В квартиру вошёл ещё один отрядовец с прижатой к груди коробкой и поставил её рядом с Астрой. Юный кинокефал присел над коробкой под любопытные взгляды Умбры, стоящего у него за спиной, и не мешкая принялся лихорадочно проверять, всё ли цело.
– Бедняжка! – крутил в руках горшок с каменной розой Астра. – Какой злой кинокефал обломал тебе листочки, малютка?
– Никто ничего не ломал – сдались нам твои сорняки! – вспылил отрядовец, передавший Астре его коробку.
– Кай! – осёк отрядовца Цингулон уравновешенным тоном. – Соблюдайте субординацию. Невежливо говорить с преступником в такой манере.
«Да-а, таких только за малахитовой травой и отправлять», – усмехнулся про себя Репрев, глядя на то, как Астра вздыхает над цветком.

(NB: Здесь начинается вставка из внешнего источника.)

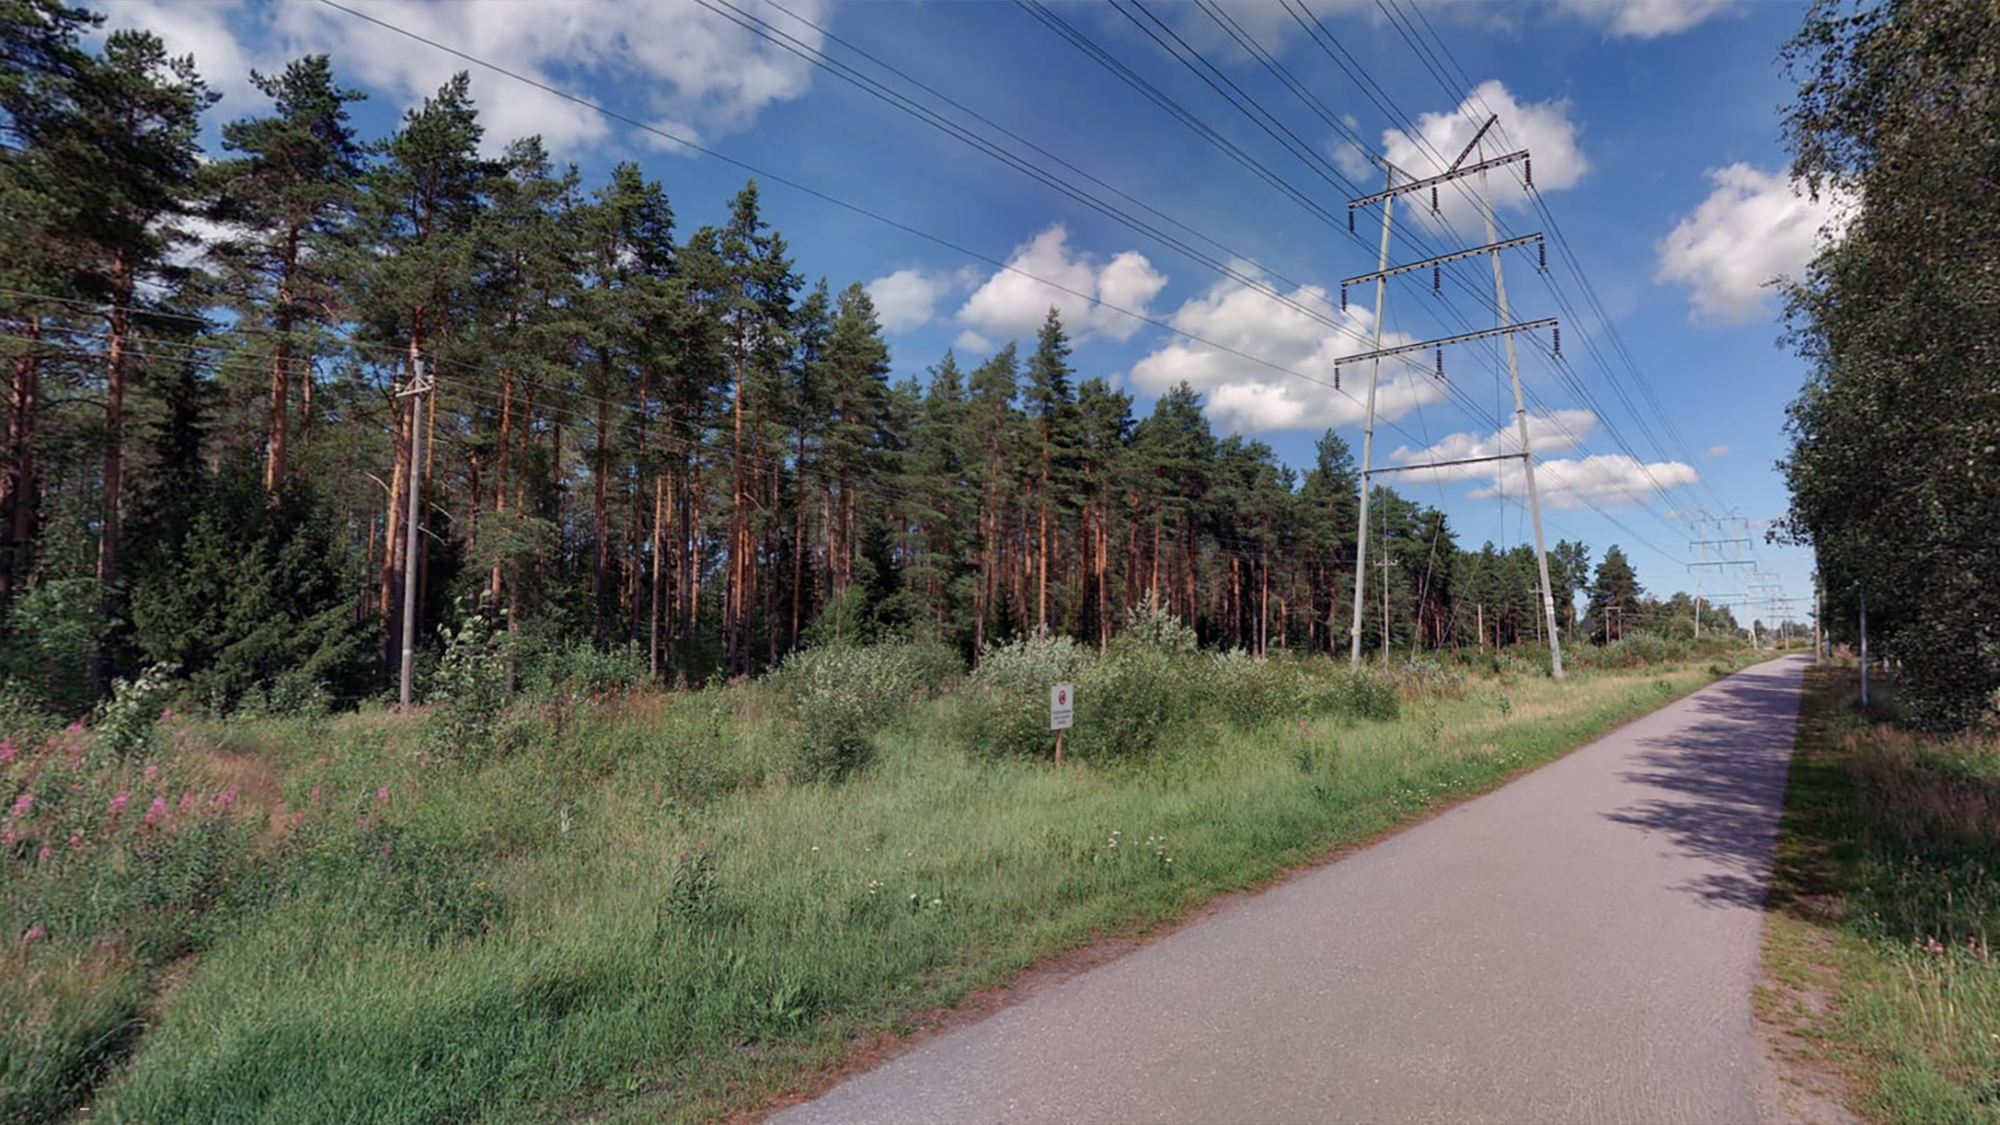 Storspänningsledning vid skogskanten. Bredvid storspänningsledningen finns en cykelväg.

– Кто-нибудь может присмотреть за моими крошками, пока меня не будет? – растерянно спросил Астра, заглядывая в чёрные линзы отрядовцев, и, опомнившись, воскликнул: – Ох, как я мог забыть, у меня же ещё дома целая оранжерея!.. Я могу дать ключи, могу дать… – он похлопал себя по карманам. Умбра помог отыскать ключи – они забились в угол коробки, под книги.
– Капитан Аргон присмотрит за вашей оранжереей, я за него ручаюсь, – сказал генерал и посмотрел на капитана – самого высокого отрядовца. Капитан сдержанно кивнул.
– Ну хорошо, – выдохнул Астра. – Тогда я должен рассказать вашему капитану, кого и когда поливать, подкармливать, рыхлить и…
– В этом нет необходимости, – с железным спокойствием ответил Цингулон. – Капитан отлично разбирается в растениях.
– Ну да, наверняка сажать он любит, – засмеялся Репрев, и его смех подхватил даже отряд.
Астра поблагодарил доктора.
В душе он не верил, что его кумир может злонамеренно отправить их в Зелёный коридор, поэтому и сейчас относился к нему с благоговейным трепетом. Ко всему прочему, Астра чувствовал свою вину за то, что сбежал из его хижины.
– Ну что вы, не стоит благодарности, – улыбнулся генерал.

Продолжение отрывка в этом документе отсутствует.